Everyone wants everything filed accurately minimising the risk of a Revenue enquiry into their tax affairs. However, people also want to reduce their tax bill. They only want to pay what they need to and not a cent more. 
 
Here are 10 simple steps you can take to reduce your tax bill:
 
 

1. Pay money into a pension

Pensions are a very tax-efficient way of saving.
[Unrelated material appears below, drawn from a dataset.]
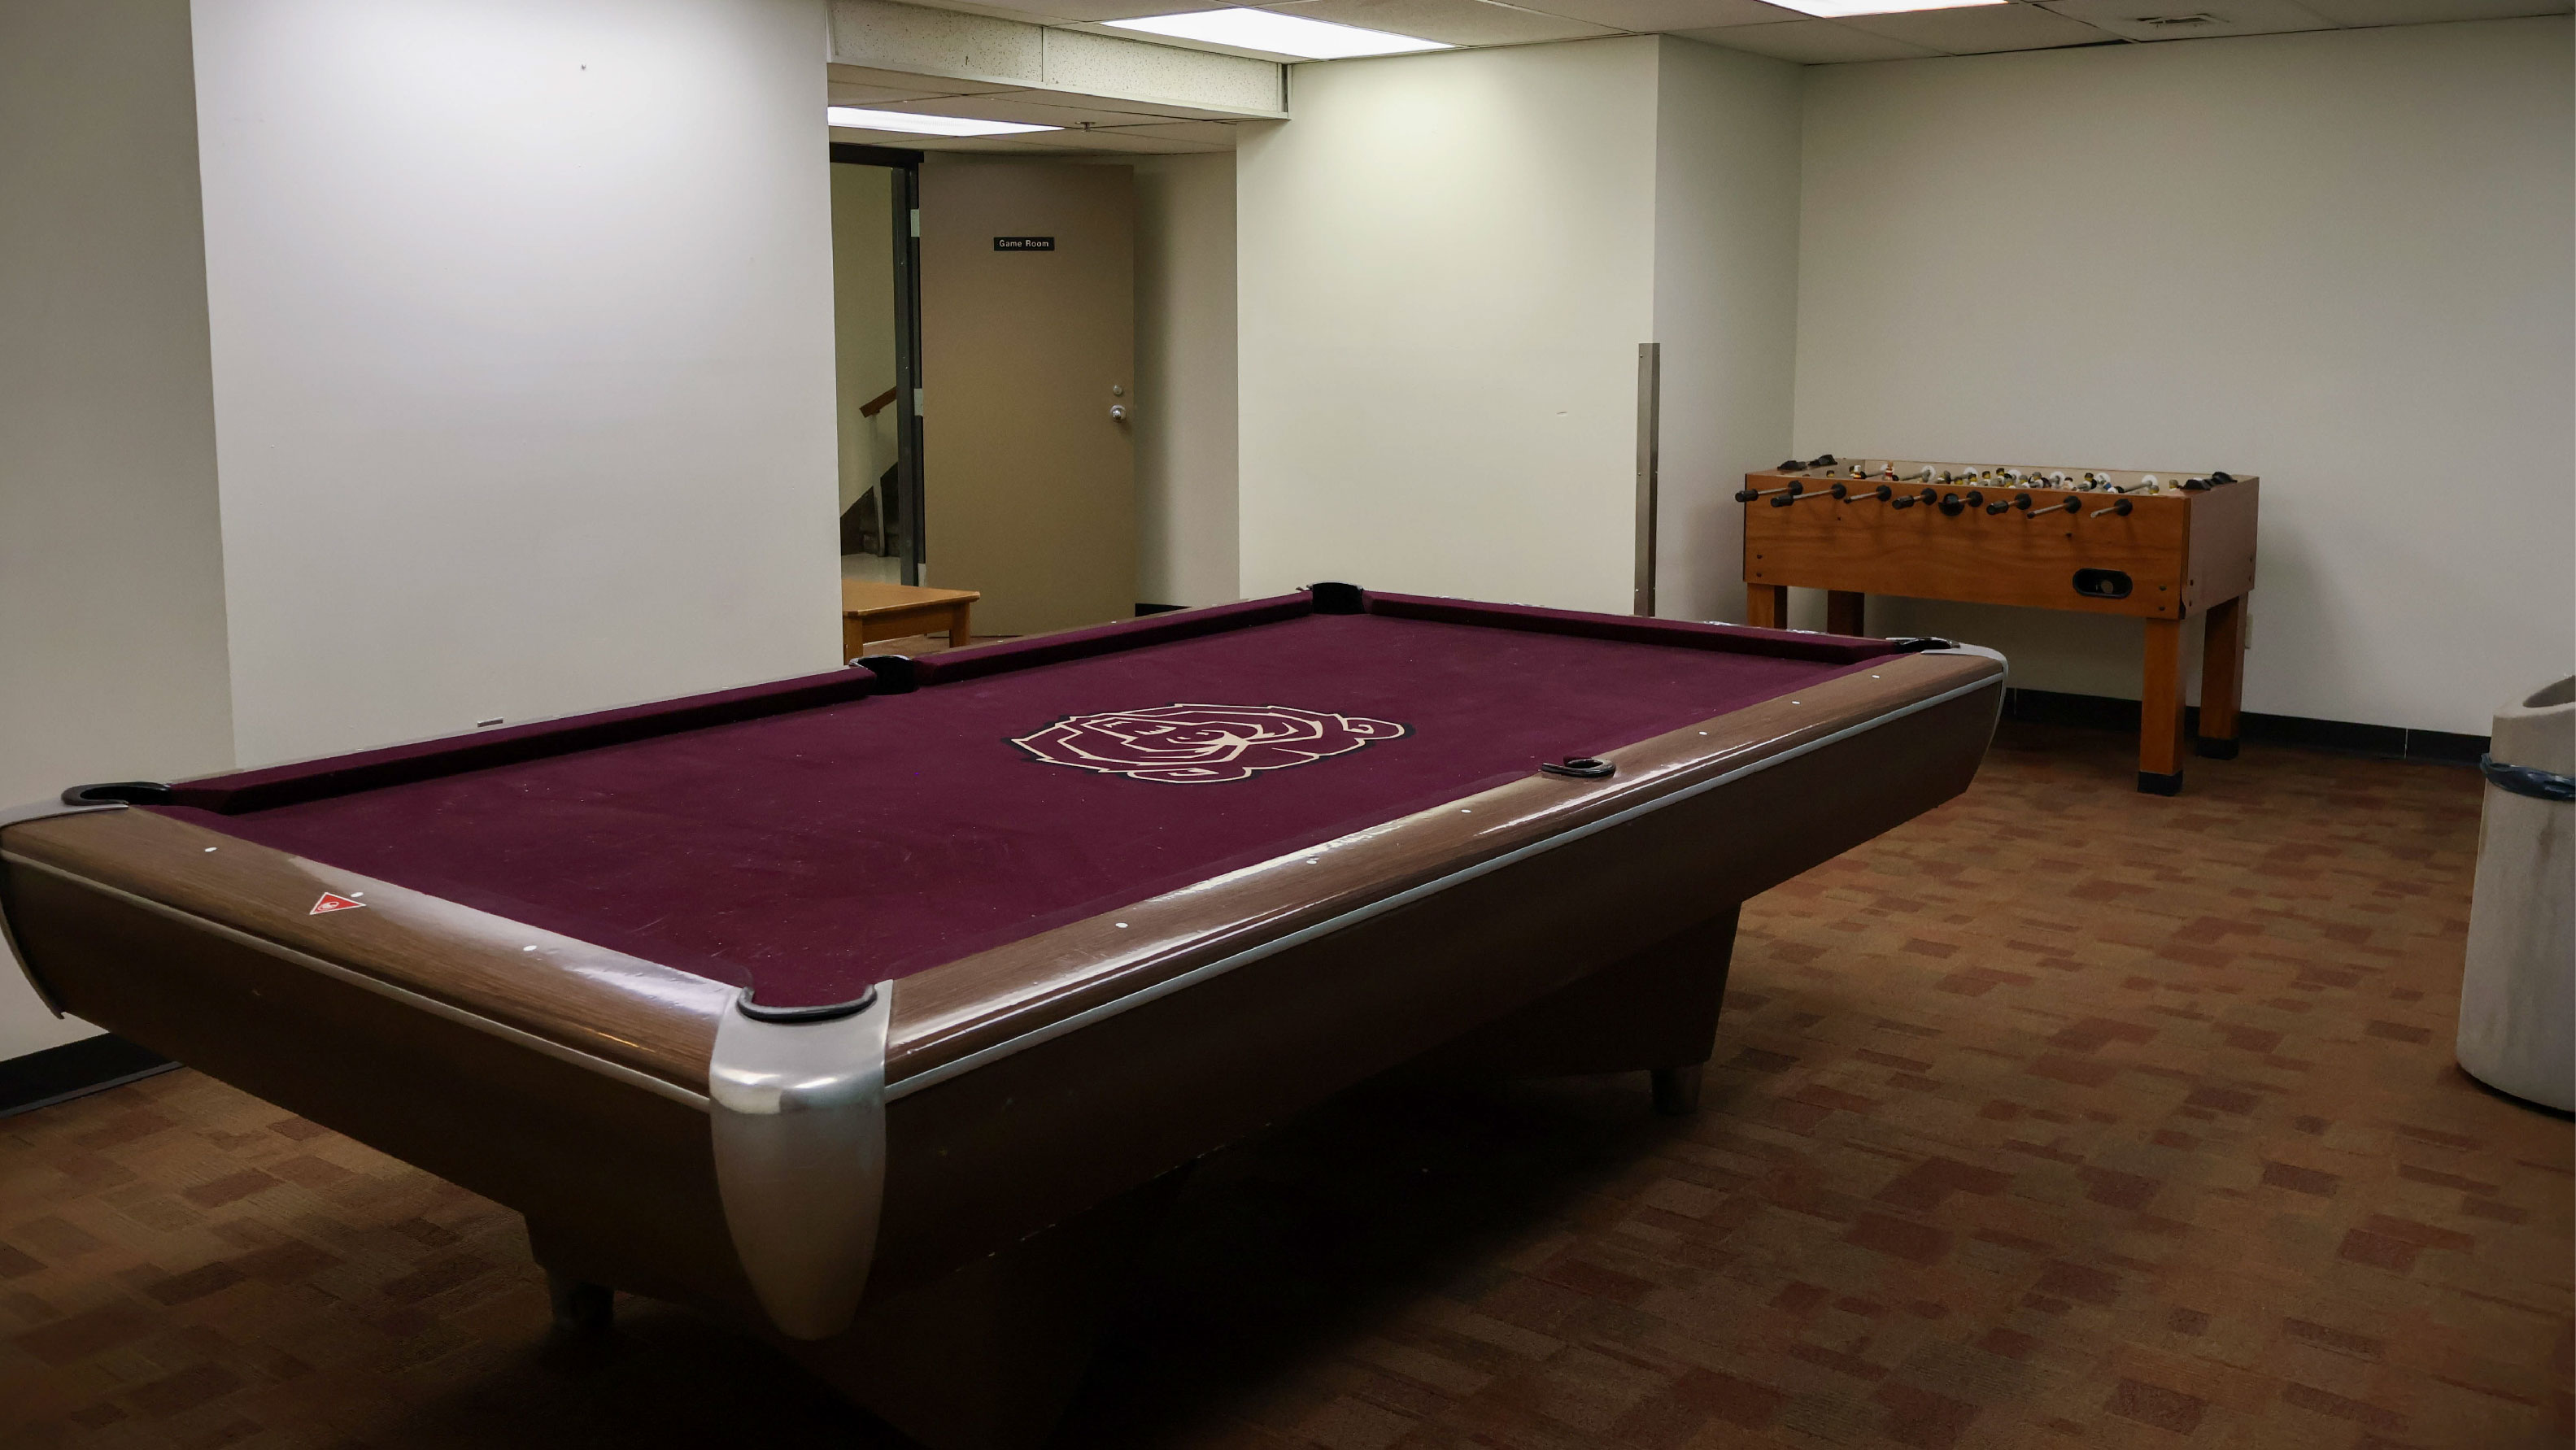 Room with pool table and football table

The government provides generous tax relief at your highest tax rate to encourage people to pay into their pension. 
 
Your age and your earnings for the year will determine the maximum amount that you can pay into a pension which will attract this tax relief.
 
If you pay tax at the higher rate of 40% then for every €1,000 you pay into a pension plan you could potentially reduce your tax bill by €400.
 
Another big advantage is that when filing a Form 11 (and you pay and file on ROS), the payment deadline in respect of a pension contribution is extended in line with the income tax pay and file extension date.
 
 

2. Claim relief for your employer paying medical insurance on your behalf

If you pay medical insurance directly to a provider, then you do not need to claim the tax relief from Revenue as the relief is given as a discount on the cost of the policy.
 
However, if your employer pays medical insurance for you or your family on your behalf then you may be entitled to an additional tax credit in your tax return.
 
To claim the relief you will need to provide the following information on your tax return:
 
  • the date the policy started
  • who is covered on the policy and their ages
  • a breakdown of the cost of the policy for each person
  • the amount paid by your employer

 

3. Claim the Home Carer Tax Credit

A Home Carer Tax Credit is a tax credit given to married couples or civil partners who are jointly assessed for tax, where one spouse or civil partner works in the home caring for a dependent person. 
 
A dependent person is a:
 
  • Child for whom Child Benefit is payable
  • Person aged 65 or over
  • Person with a disability who requires care
 
The Home Carer credit could potentially reduce your tax bill by a straight €1,700 for 2023. To be eligible for full relief, the home carer must not earn more than €7,200 a year (although they can earn up to €10,600 in 2023 and still get partial tax reductions), while the other partner may be better off benefiting from the higher cut-off point for the standard rate of tax, depending on their earnings.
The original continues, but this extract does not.